Tra di loro c’era anche Iman Safari-rad, condannato a morte perché gay. Iman è stato ucciso insieme a Mehdi Khalgoldi, accusato di “stupro”. Una condanna, quest’ultima, spesso usata come pretesto per giustiziare liberamente le persone omosessuali, secondo un rapporto del Dipartimento di Stato degli Stati Uniti.
In Iran le persone LGBTQ+ sono continuamente sottoposte a violenza. L’attività sessuale tra persone dello stesso sesso è severamente vietata dal codice penale della repubblica, con pena capitale. Peter Tatchell, attivista LGBTQ+ britannico, ha dichiarato al Jerusalem Post: “Ancora una volta un altro uomo è stato giustiziato con l’accusa di sodomia, che potrebbe aver commesso o meno, con o senza consenso. Quello che è certo è che quest’uomo quasi certamente non ha ricevuto un processo equo sotto il sistema giudiziario iraniano notoriamente prevenuto. Agli imputati viene regolarmente negato l’accesso ad avvocati e testimoni della difesa”.
Tatchell ha ricordato come il sistema giudiziario iraniano possa processare i gay con udienze affrettate, con un avvocato a difesa degli imputati solo a pochi minuti dall’inizio del processo. Da decenni in Iran coloro che vengono accusati e condannati per attività omosessuali sono decapitati, lapidati, gettati da un dirupo e/o amputati. Un uomo che bacia semplicemente un altro uomo deve pagare con 31/74 frustate.
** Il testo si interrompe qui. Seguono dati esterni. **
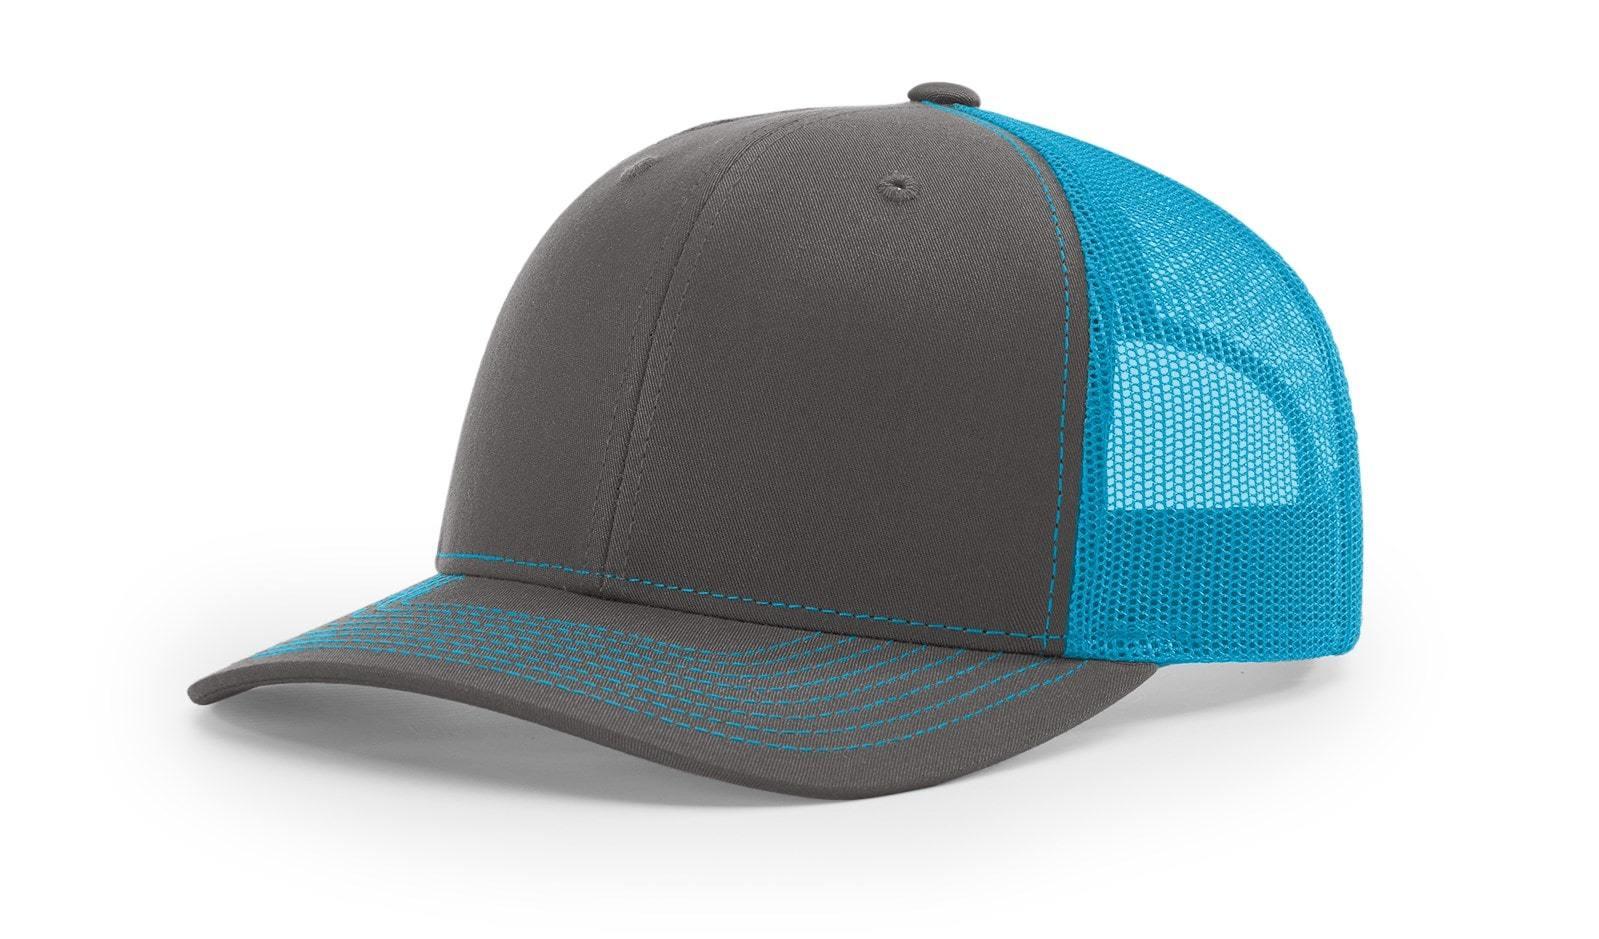 5c0791aef85 Flexfit Snapback Caps – Premium Hats from the Hat Pros

Il rapporto statistico più recente dello Human Rights Activists in Iran (HRA) afferma che tra il 1 gennaio 2021 e il 20 dicembre 2021 almeno 299 cittadini, tra cui quattro minorenni, sono stati giustiziati. Nello stesso periodo sono stati condannati a morte 85 cittadini. Le autorità giudiziarie iraniane non annunciano pubblicamente oltre l’88% delle esecuzioni. Queste esecuzioni mai confermate sono conosciute come “esecuzioni segrete” dalle organizzazioni per i diritti umani.